• Activity
Repeat nothing but the line that contains "Varta Watch V386" and the lines after it, through the end of the listing, exactly as they stand; omit pictures.

• Supplied data
__________

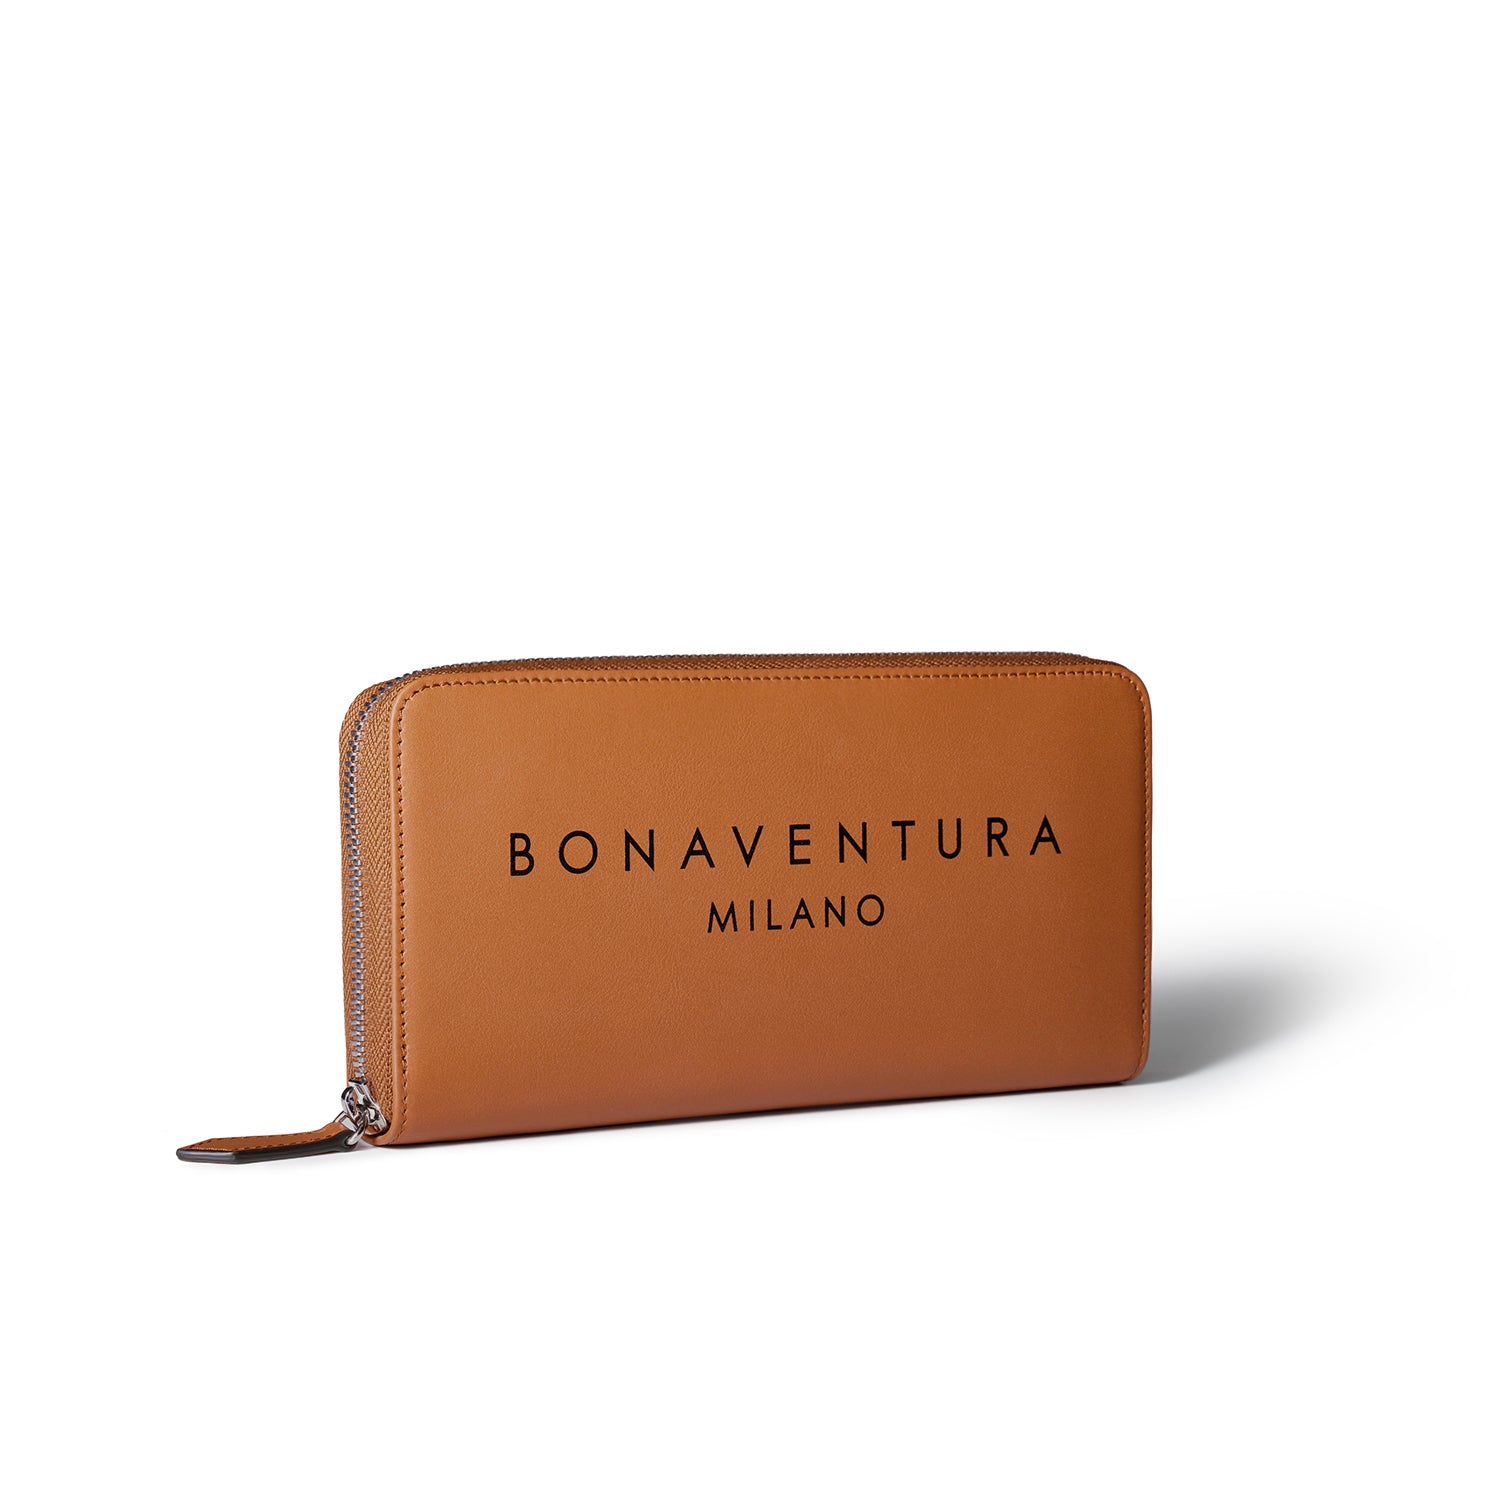 上質なレザーのレディース財布 – イタリア(ミラノ)発の高級革製品の
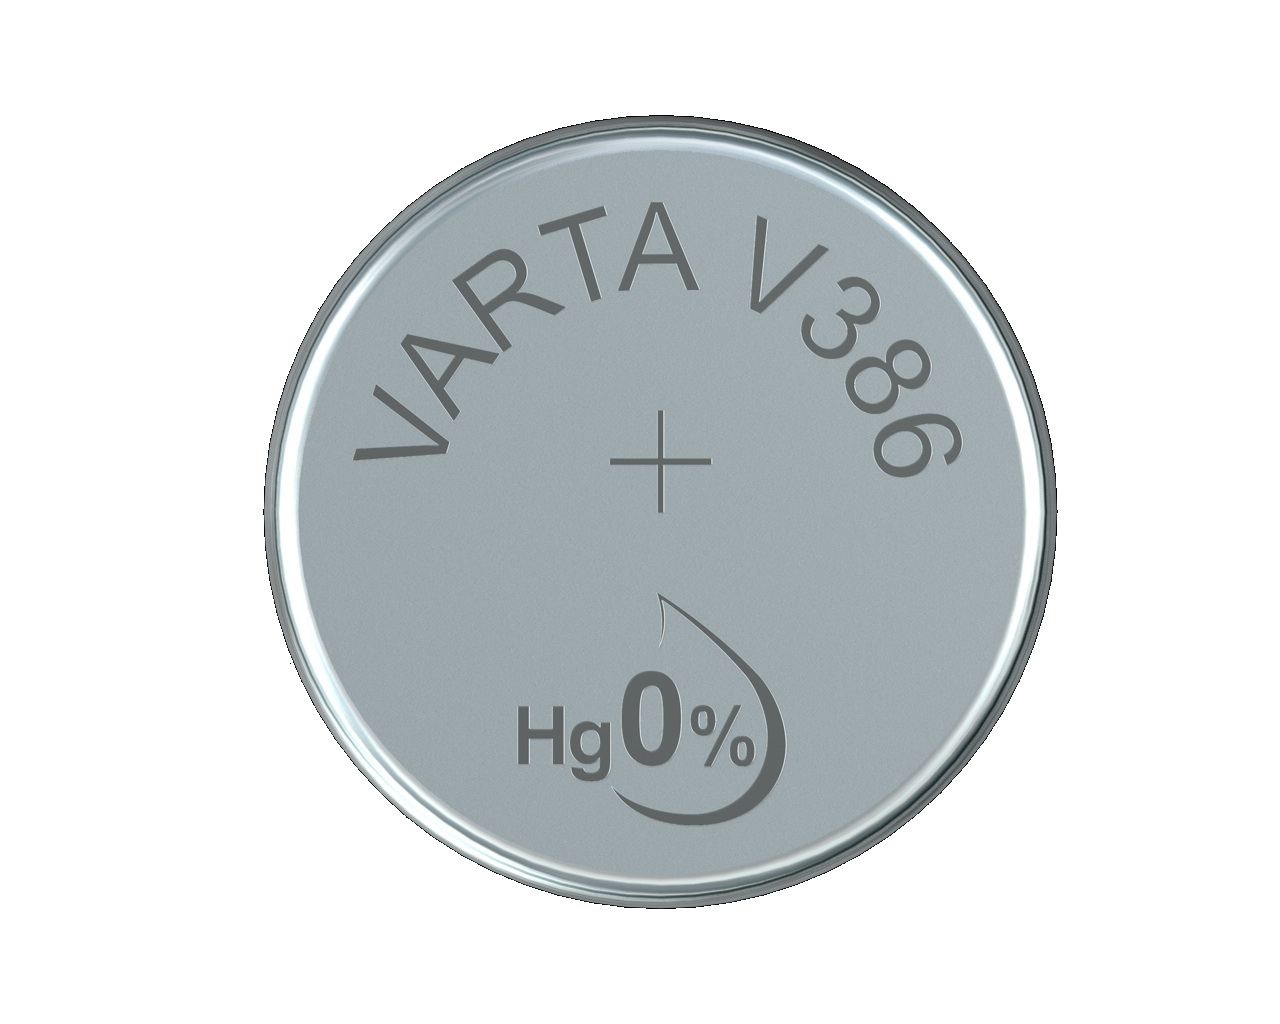 Varta Watch V386 SR43 1,55 V Uhrenbatterie High Drain 115mAh (1 Blister)
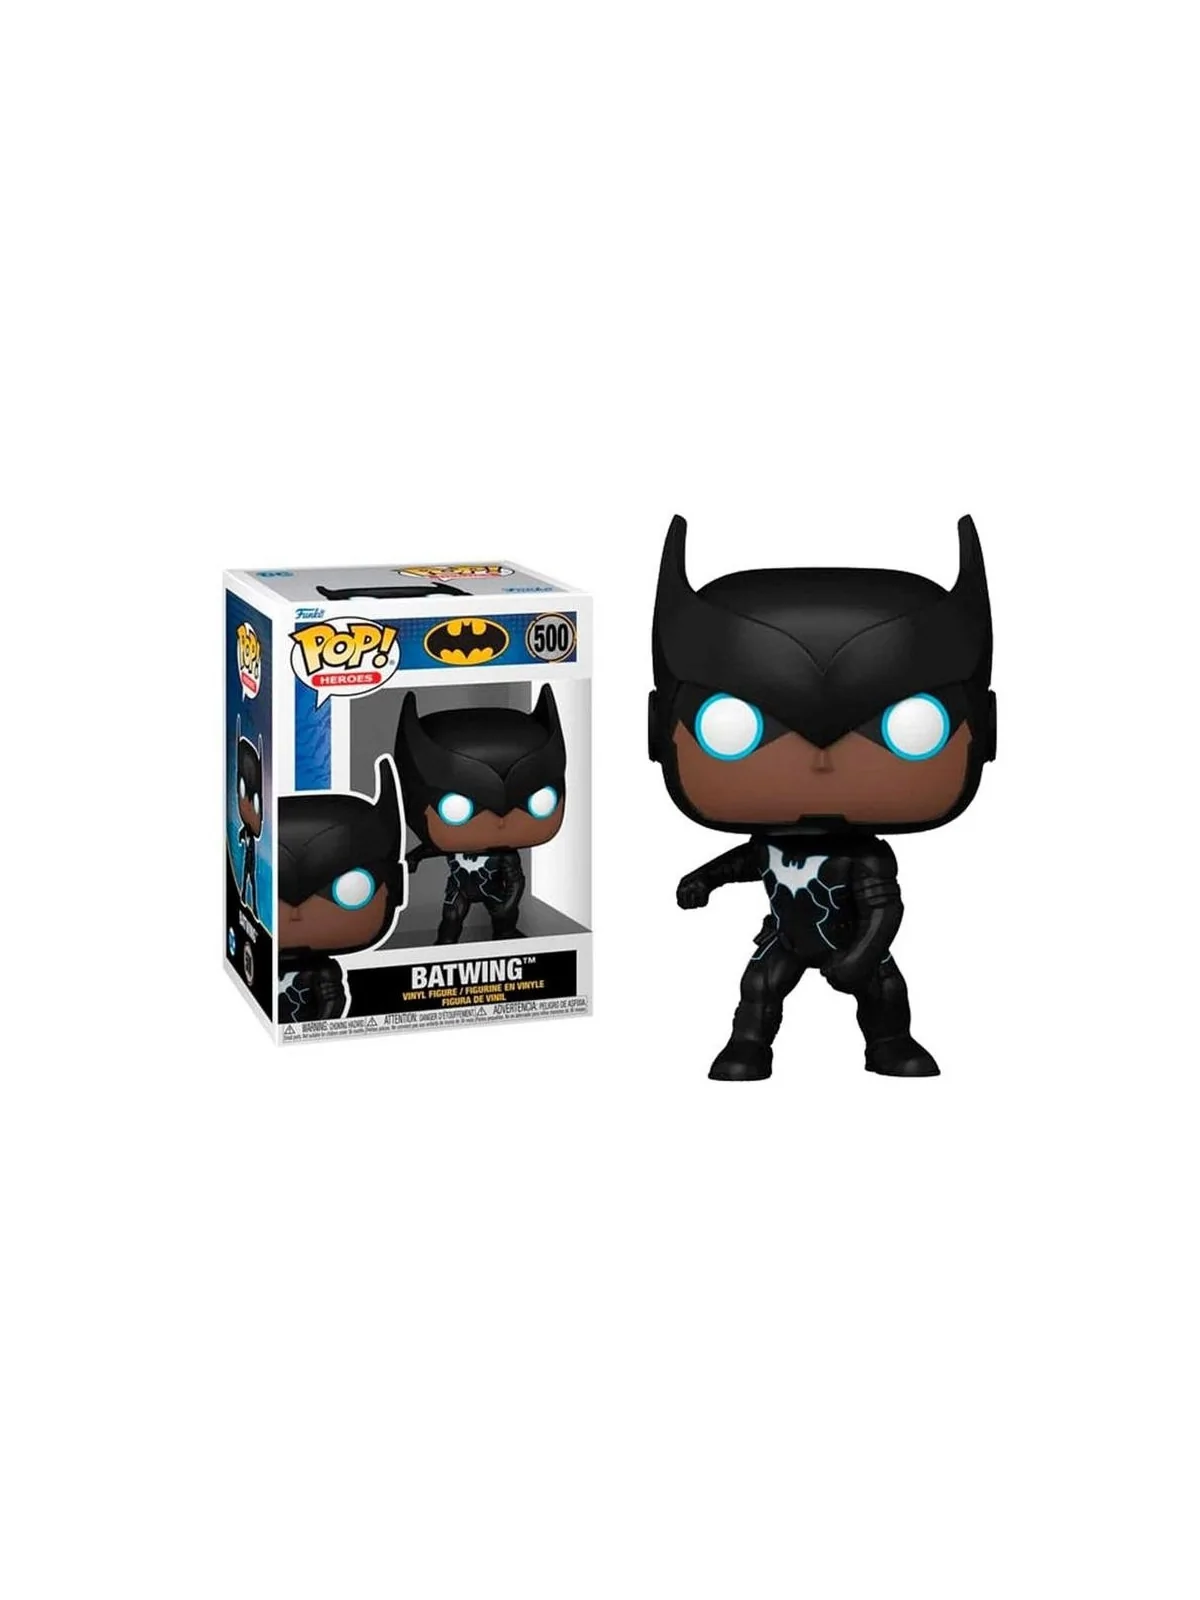 Comprar Funko POP! Batman: Batwing (500) barato al mejor precio 14,41 
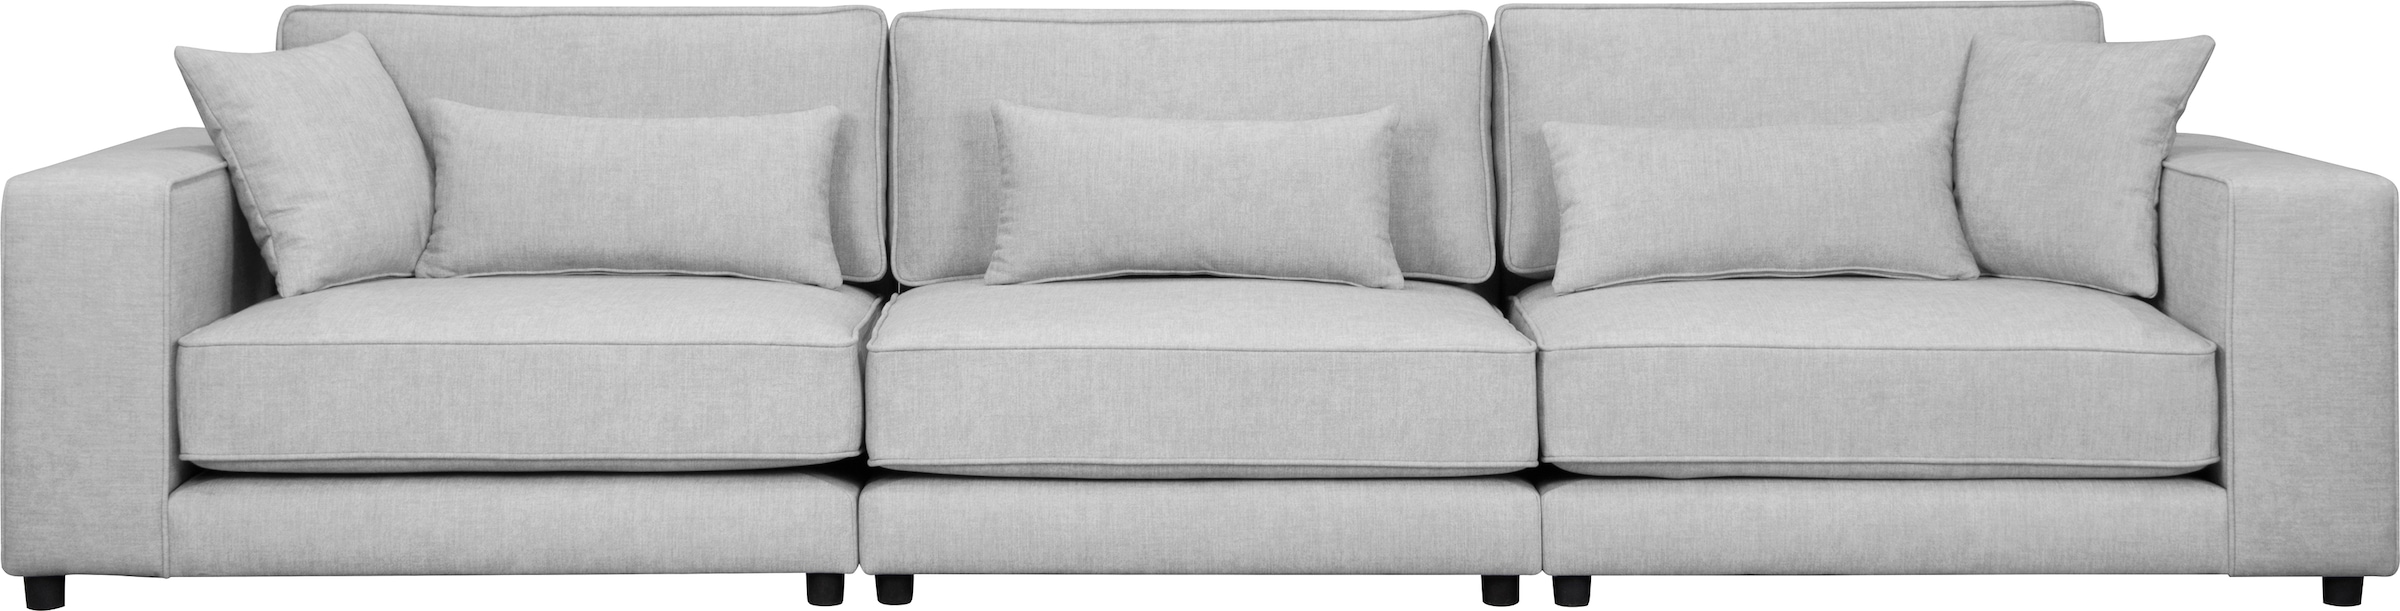 Big-Sofa »Grenette«, Modulsofa, im Baumwoll-/Leinenmix oder aus recycelten Stoffen

__________

• Task response
 Varta Watch V386 SR43 1,55 V Uhrenbatterie High Drain 115mAh (1 Blister)
 Comprar Funko POP! Batman: Batwing (500) barato al mejor precio 14,41 
 Big-Sofa »Grenette«, Modulsofa, im Baumwoll-/Leinenmix oder aus recycelten Stoffen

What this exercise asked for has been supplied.